Post by Black Orchid » Mon Dec 02, 2019 12:44 pm

There is no reason to have nightmares about climate change. You will not hear this from the alarmist reports on the evening news, let alone from doom-saying activists, but there is a proven, low-carbon source of safe and abundant energy.

Generation 4 nuclear reactors — including molten salt reactors now being developed by the Canadian firm Terrestrial Energy — are being designed to reduce energy poverty and push billions of the world’s poorest people towards prosperity.


Proponents says Gen 4 reactors will be built to be immune to meltdowns. They will have far lower carbon emissions than even wind and solar, along with vastly greater reliability and energy production capabilities. Best of all, they can be built on a massive scale in the next few decades, fast enough to meet our collective challenge of lowering carbon emissions.

“Nuclear is capable of moving very quickly and making a great deal of difference in a short period of time,” says Simon Irish, CEO of Terrestrial Energy.

Irish sees wide application for Gen 4 reactors, as do many green groups such as Energy for Humanity, Clear Path, Third Way and Mothers for Nuclear.

“This a technology that can play a role centrally, right at the heart of the problem,” Irish said. “It’s an energy technology that is capable of massive energy decarbonization. Nuclear has done that before. It massively decarbonized France and Sweden in the 1970s.”

Ontario-based Terrestrial is now working its way through the Canadian Nuclear Safety Commission’s regulatory process.

Fortunately, Canada is at the forefront of nuclear research and regulation, pushing ahead with a plan for small modular reactors that could power oilsands extraction operations in northern Alberta.

The Trudeau Liberals have developed a roadmap to develop small modular reactors (SMRs), said Natural Resources Minister Amarjeet Sohi. “We see the potential of them in the manufacturing and industrial setting.”

Decades ago the Canadian nuclear industry built a handful of Ontario reactors that still produce 16 per cent of the nation’s electricity, but around the world such conventional, technologically-complex reactors are now seen as too costly to construct, Irish said.

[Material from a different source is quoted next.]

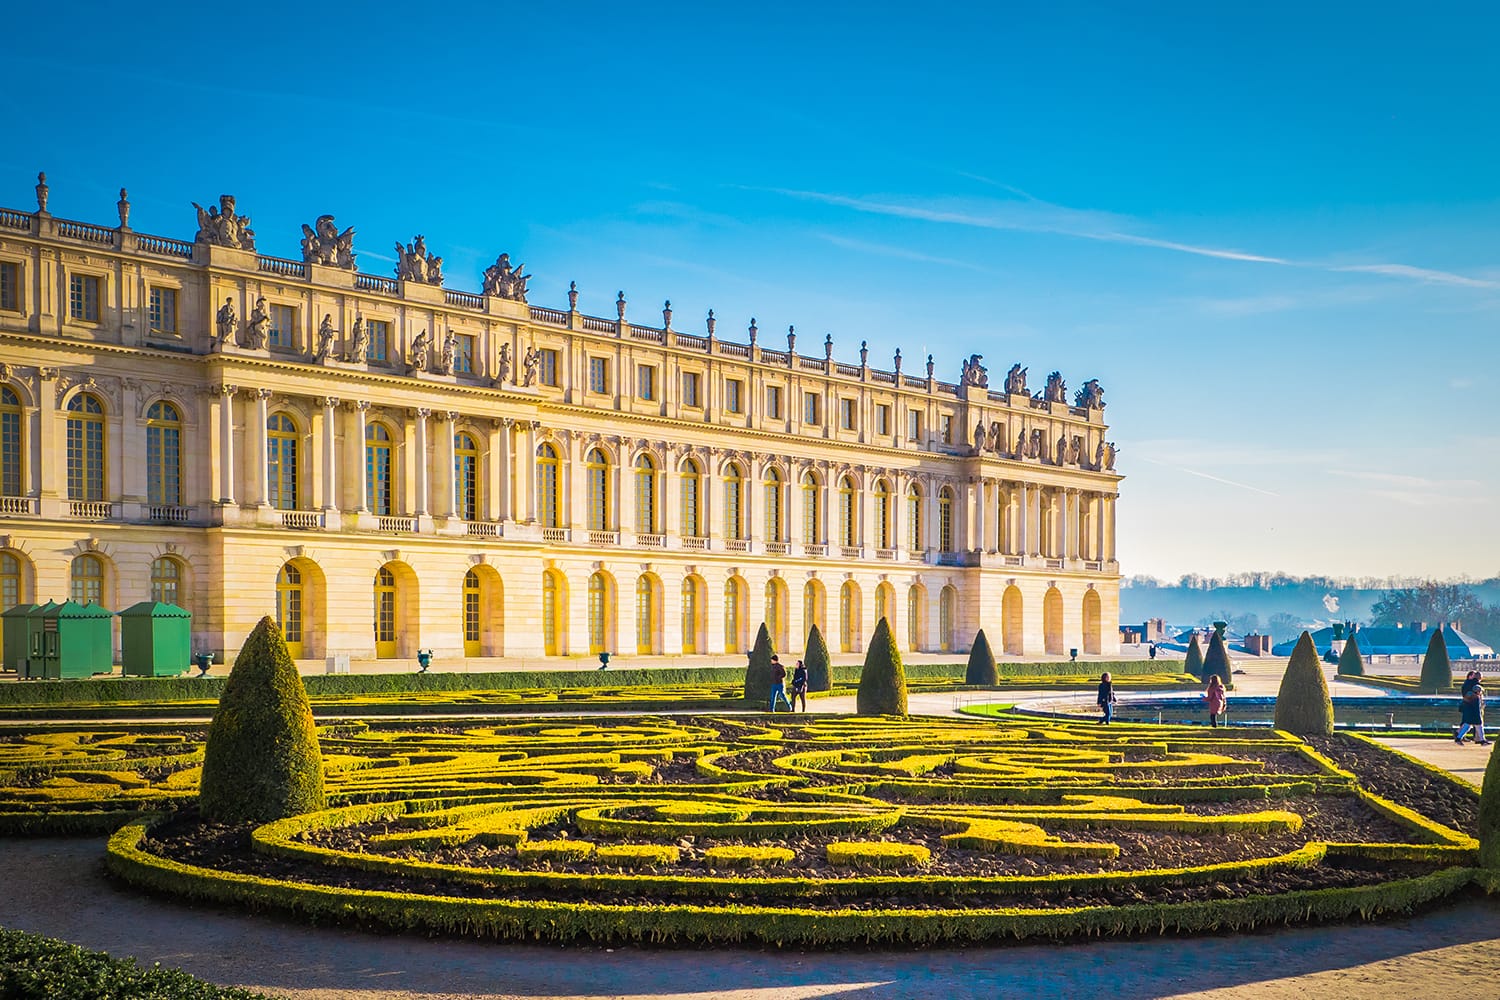 Famous Palace of Versailles with beautiful gardens outdoors near Paris, France. The Palace Versailles was a royal chateau and was added to the UNESCO list of World Heritage Sites.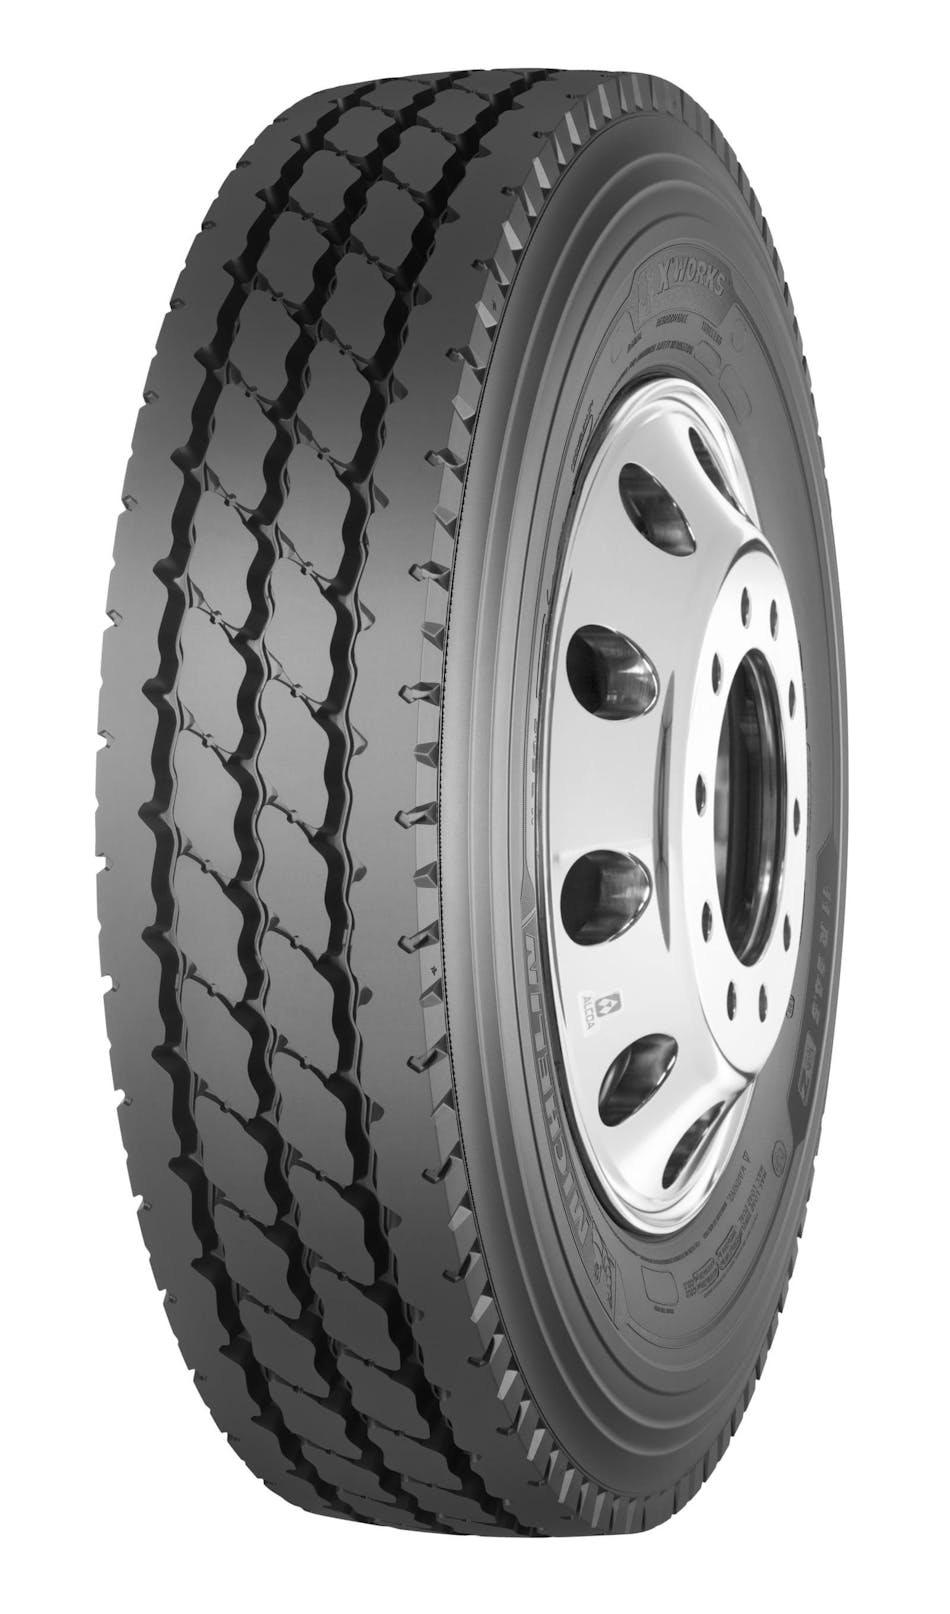 michelin-s-new-x-works-z-all-position-tire-has-a-road-hazard-guarantee

The linked issues of climate change and energy poverty drew Irish, an experienced London and New York investment banker, into the Gen 4 business.

The world needs five times as much energy as fossil fuels now produce to spread prosperity to its poorest people, Irish said.

Due to pollution concerns, we can’t raise up all of these people from poverty by burning five times more coal, oil and natural gas. Solar and wind are too costly, land-intensive and unreliable, so much so that countries like Germany that have made monumental efforts to switch to solar and wind have been unsuccessful in reducing carbon emissions and have seen energy price spikes.


Only a few energy sources have worked to slash carbon emissions, namely hydro and nuclear in countries like France and Sweden, noted U.S. environmentalist Michael Shellenberger has argued.

Terrestrial’s molten salt reactor is designed to produce energy with one-quarter the carbon footprint of solar and wind power, Irish said. It should also cost much less to build than a conventional nuclear plant. In essence, it’s a simpler reactor design than the conventional model, burning fuel more efficiently at a higher temperature, but not needing high pressure and water coolant. The efficiency and simplicity should drive the increased safety, reduced nuclear waste and reduced cost of molten salt reactors.

American multi-billionaire Bill Gates has invested in Gen 4 reactors. Gates recently singled out Terrestrial’s work in the MIT Technological Review as being one of the Top 10 technological breakthroughs of 2019.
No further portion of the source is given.